| Exercise prompt |
All the lines below need retyping exactly, apart from the images.

------ Data block ------

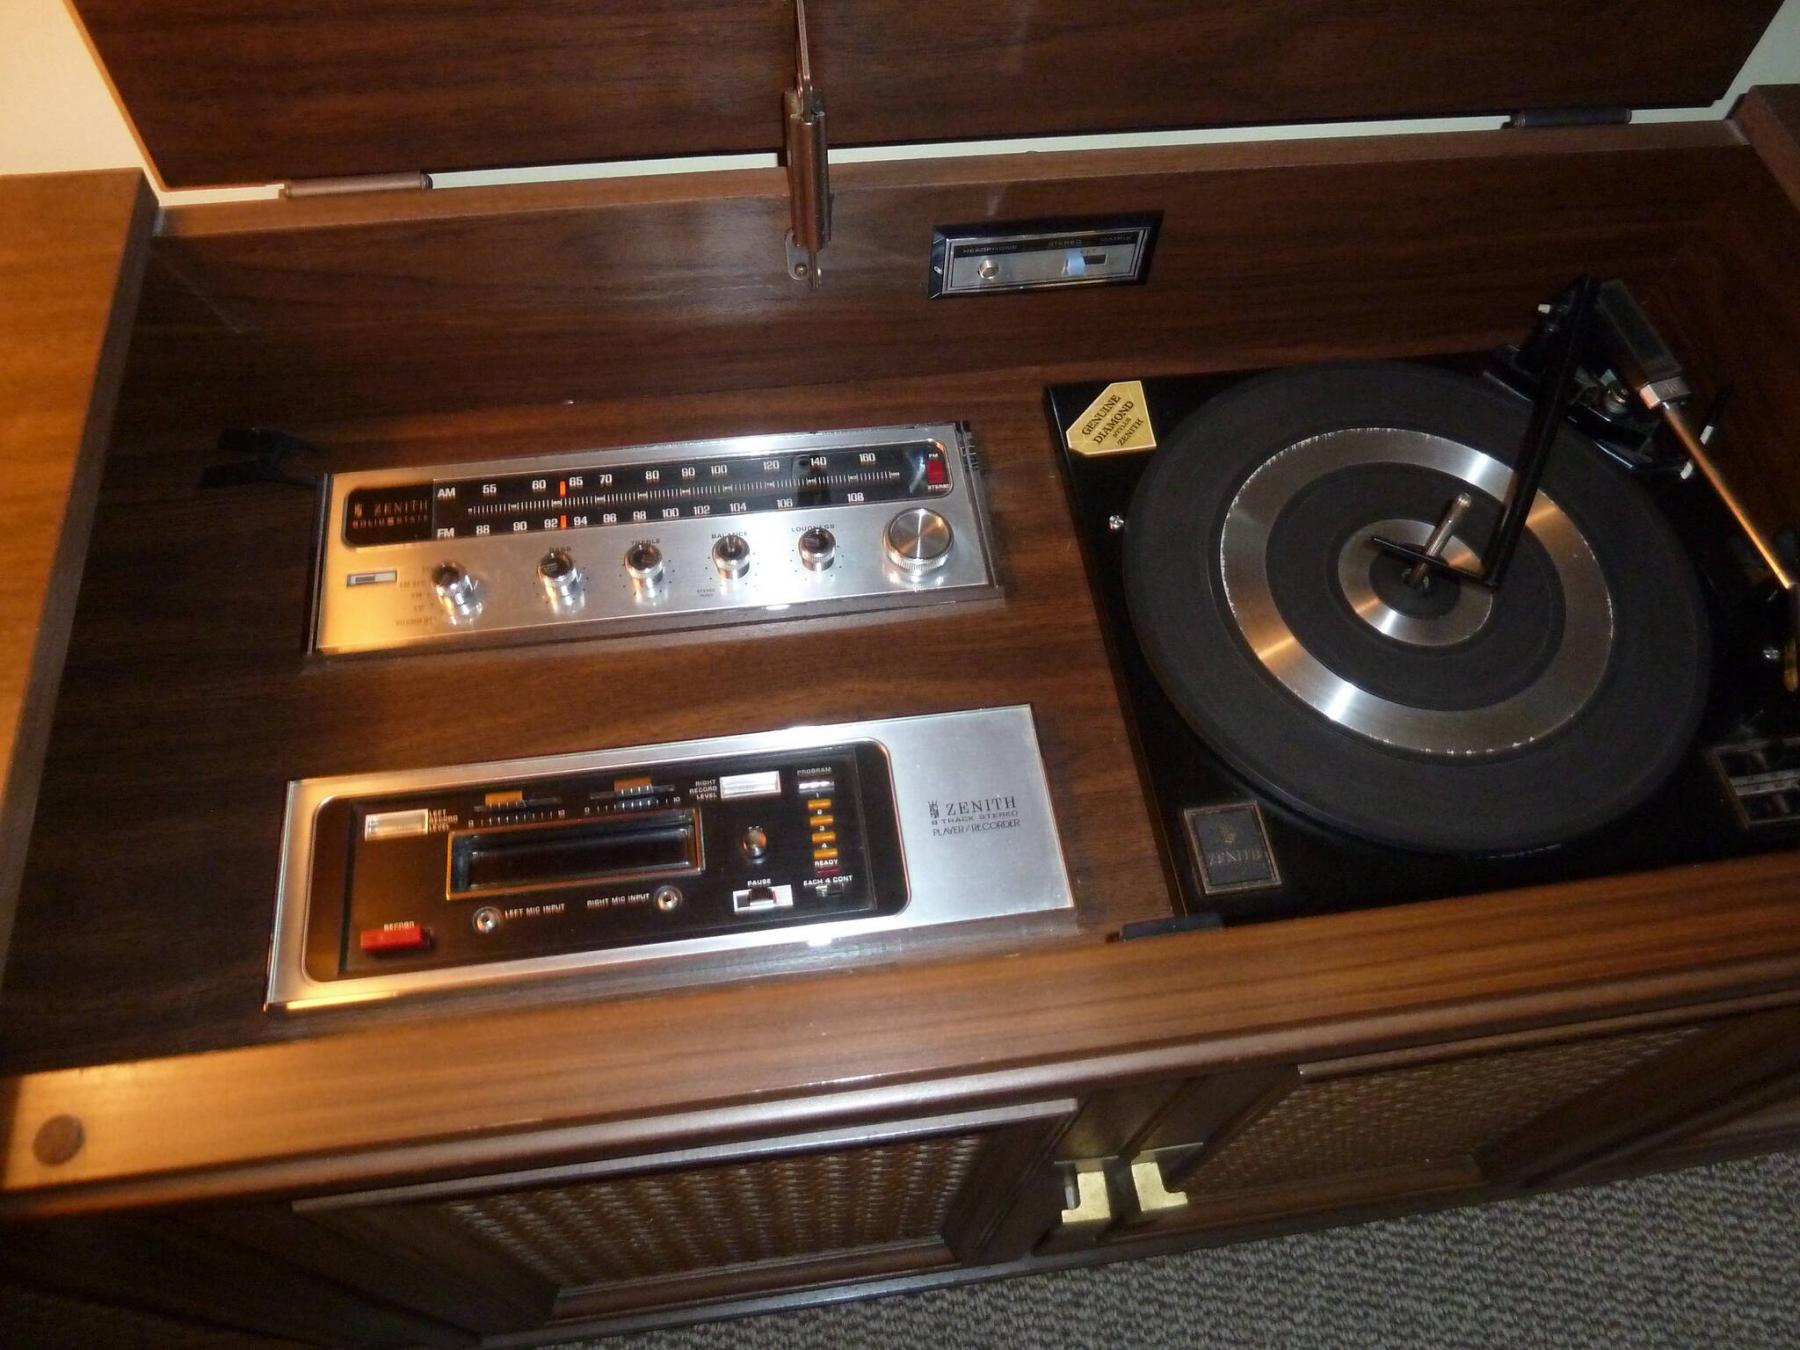 <p>Photos by Laurie Mustard / Winnipeg Free Press</p><p>This vintage stereo even features an 8-track player â but it needs professional help.</p>
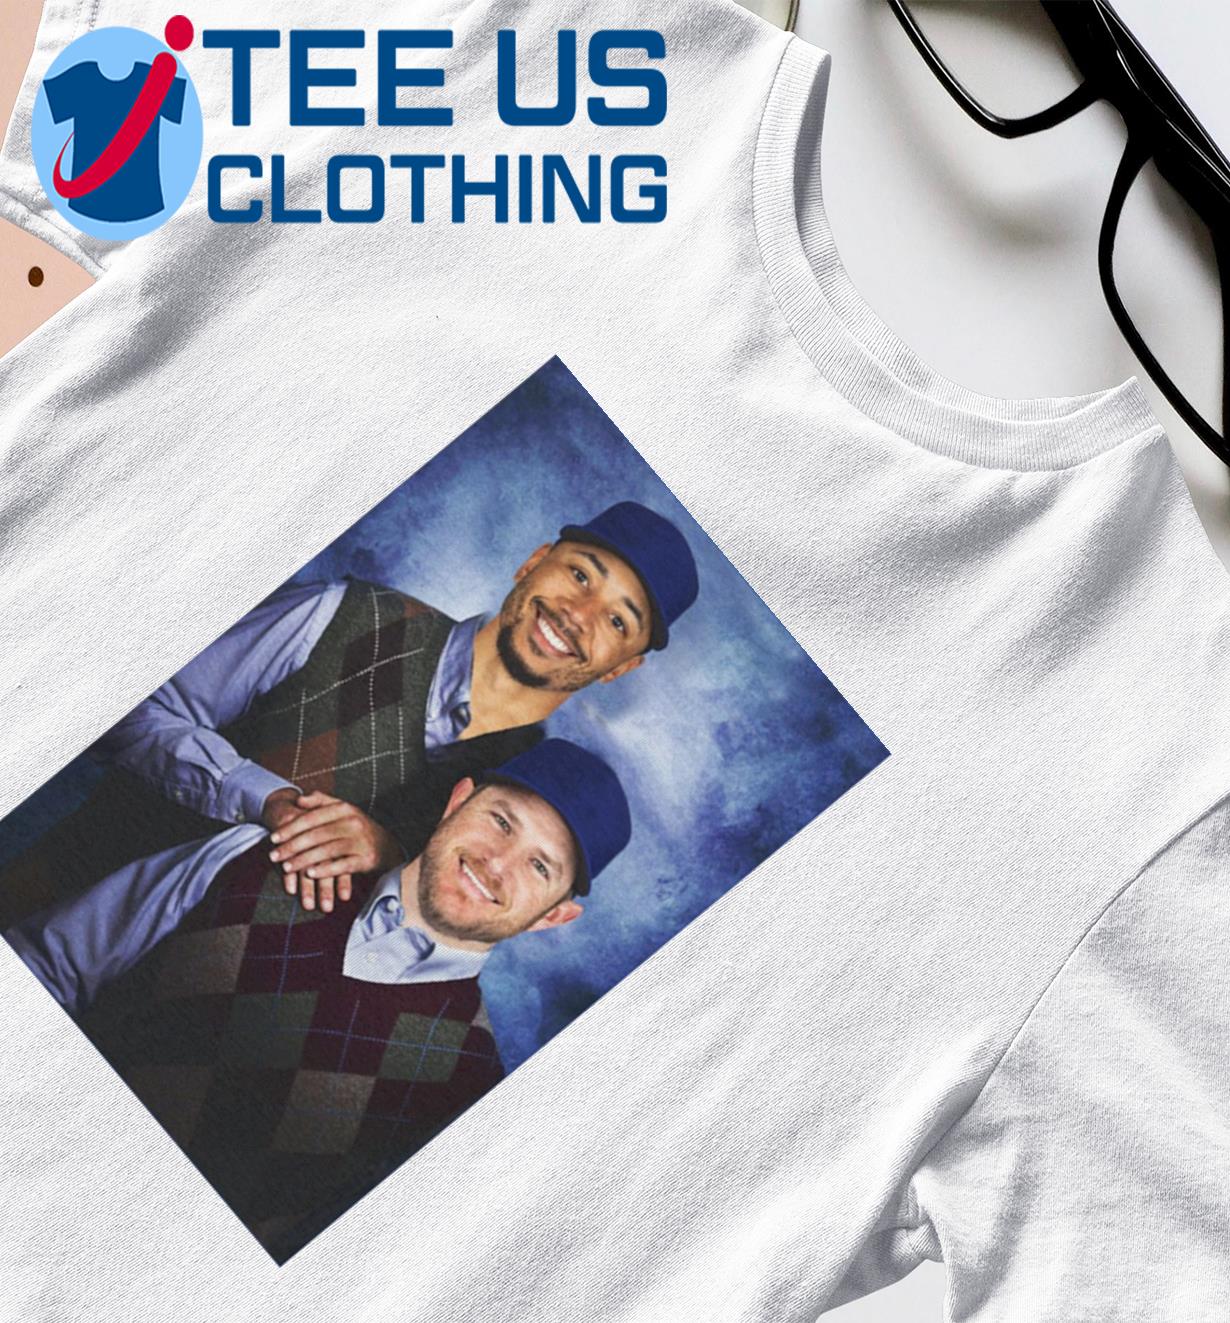 mookie betts clothing
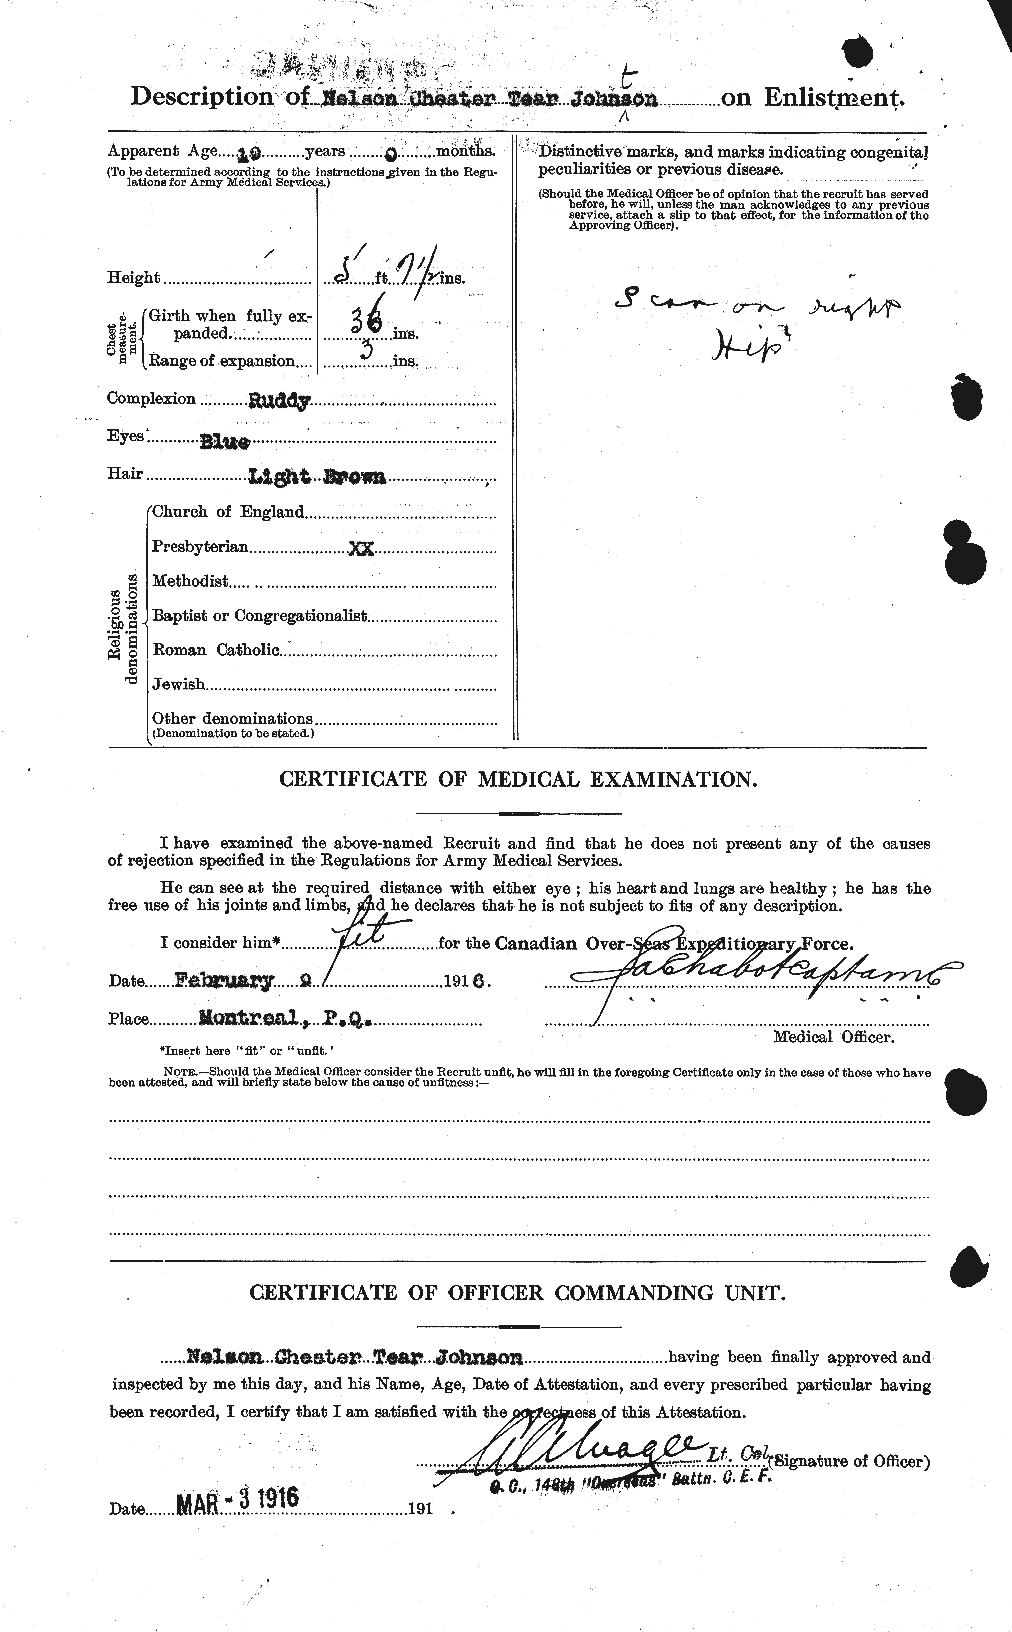 Personnel Records of the First World War - CEF 423000b

------

| Result below |
 <p>Photos by Laurie Mustard / Winnipeg Free Press</p><p>This vintage stereo even features an 8-track player â but it needs professional help.</p>
 mookie betts clothing
 Personnel Records of the First World War - CEF 423000b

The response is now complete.